Which ones from here would you recommend for a impala convertible?


----------



## Brahma Brian (Nov 17, 2004)

> _Originally posted by baghdady_@Feb 16 2008, 11:04 PM~9960121
> *Which ones from here would you recommend for a impala convertible?
> *


The entry level stuff is great for the money, obviously they get better from there...


----------



## doctahouse (Sep 10, 2004)

http://www.hertzaudiovideo.com/default_en.htm

Very nice quality. You get what you pay for with this company.


----------



## Scorpion (Aug 19, 2005)

> _Originally posted by Brahma Brian_@Feb 16 2008, 10:19 PM~9960668
> *The entry level stuff is great for the money, obviously they get better from there...
> *


Just picked up some Euro-620 comps, haven't got it installed yet, will post up pros and cons(if any) soon.

2x on CDT.


----------



## xxtremerolla11 (Jul 16, 2005)

how bout oxygen audio or beyma? any opinions


----------



## baghdady (Sep 21, 2004)

thanks, found the ones i want.


----------



## UNIDOS (Jan 27, 2004)

i always liked the boston acoustics pro series they run about 550.00 for 6.5s


----------



## vazquejs (Oct 23, 2005)

Focal compoenent speakers are excellent! I ran them in one of the rides I sold. I liked them so much I purchased another couple of sets and had them installed in my SS. 

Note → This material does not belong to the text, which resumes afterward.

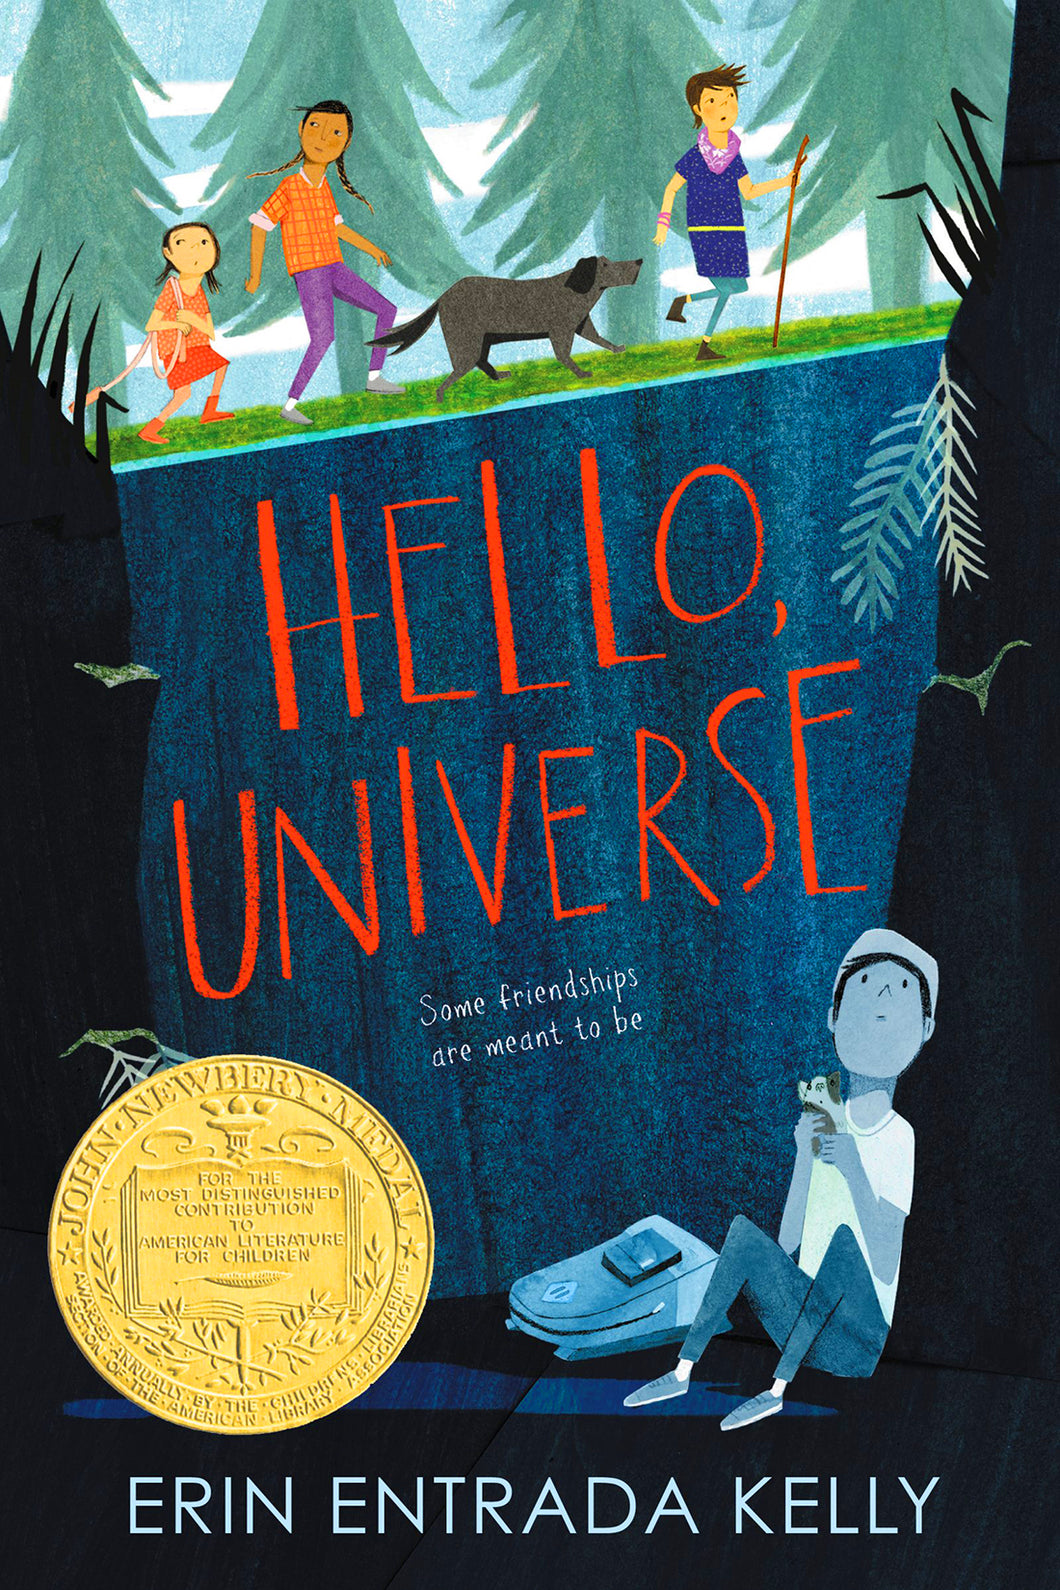 Hello, Universe by Erin Entrada Kelly / Hardcover or Paperback - NEW BOOK (English or Spanish)
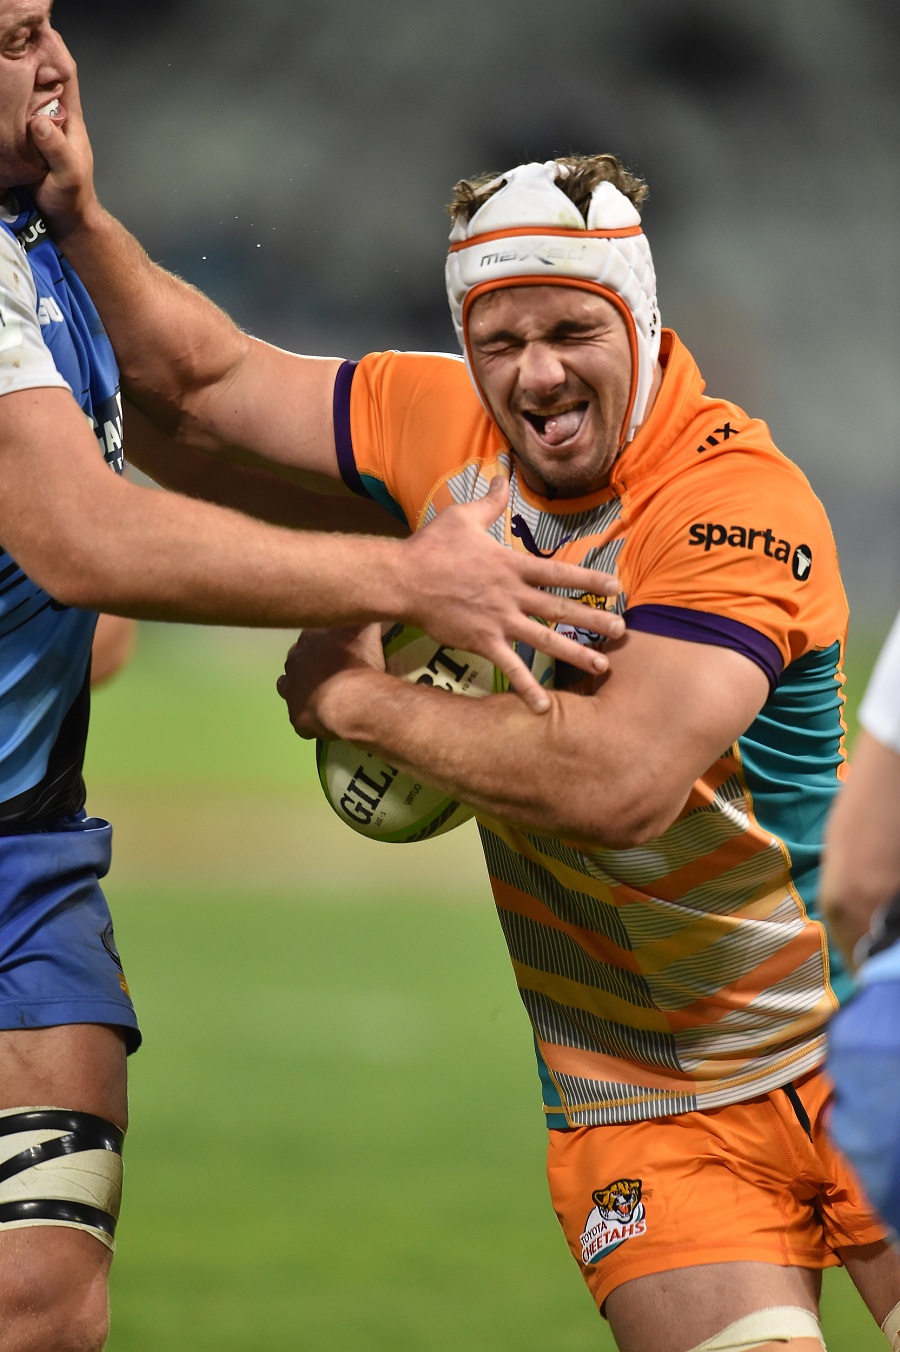 The Cheetahs' Heinrich Brussow prepares to take a hit, Toyota Cheetahs v Western Force, Super Rugby, Vodacom Park, May 10, 2014

You can't go wrong with Focals.


----------



## 2ManyGbodies (Jan 21, 2008)

SUMMER OF 06 I HAD 6 INFINITY KAPPA PERFECT 12S IN MY K5 BLAZER, ONLY HAD A COMPONENT SET AMPED UP FRONT......IT WAS THE MOST EXPENSIVE INFINITY COMPONENTS ON THE MARKET AT THE TIME.........SUPER CLEAN AND COULD STILL HEAR WORDS WITH THE BEATZ


----------



## RAGTOPROY (Sep 4, 2004)

Kicker has some really good ones.


----------



## DYABLITO (Oct 10, 2005)

IM LOOKIN FOR SOME 5.25S ANYONE KNOW SOME GOOD 1S.IM THINING OF GETTING THE NEW PREMIER PRS MODELS??


----------



## soldierboy (Jan 2, 2008)

MB QUART.


----------



## Brahma Brian (Nov 17, 2004)

> _Originally posted by soldierboy_@Mar 17 2008, 03:24 PM~10188920
> *MB QUART.
> *


Ten years ago maybe, but now, not so much...


----------



## impala_631 (Jan 8, 2003)

> _Originally posted by soldierboy_@Mar 17 2008, 03:24 PM~10188920
> *MB QUART.
> *


i agree, maybe not as good a a set of 1/4million doller set, but good enough for me


----------



## PORTCITYCOWBOY (Oct 26, 2005)

i just bought the JL AUDIO C5 6.5's and i love em


----------



## badcayne (Jun 7, 2007)

i got a set of Focal polyglass 6v1 comps for free.


----------



## Slinger520 (Jan 31, 2008)

I have these in my 68 vert, I have never heard a more complete sound for the price.
Check em out......
Morel's


----------



## Roln19s (Dec 22, 2005)

I Love my JL components, they fit my needs very well.

Also Hertz sound pretty damn good, they have speakers ranging in price from a couple hundred dollars all the way up to a few thousand dollars.

Something in there for everyone. 

One thing you should always do is listen and buy what YOU like. The internet has too many people who will give you specs on a speaker instead of actually giving an experience with them.

One more thing, make sure you buy some sound deadener for your doors to help prevent rattles and make the door more of an enclosure for the speaker. Also make sure to mount the speaker SOLID, if the door is not solid make it soild. You can use wood rings to help if you need to.


----------



## nyberg (Mar 20, 2008)

Orion hcca 6.2 sounds wonderfull, tweeter is real good,
and how the midbass pound, just put som nice amp on them,
and offcourse a good stable install.


----------



## KINGFISH_CUSTOMS (Oct 8, 2006)

anyone mention rainbow by chance? i didnt fumble through all the pages on here and read so if someone did sorry.


----------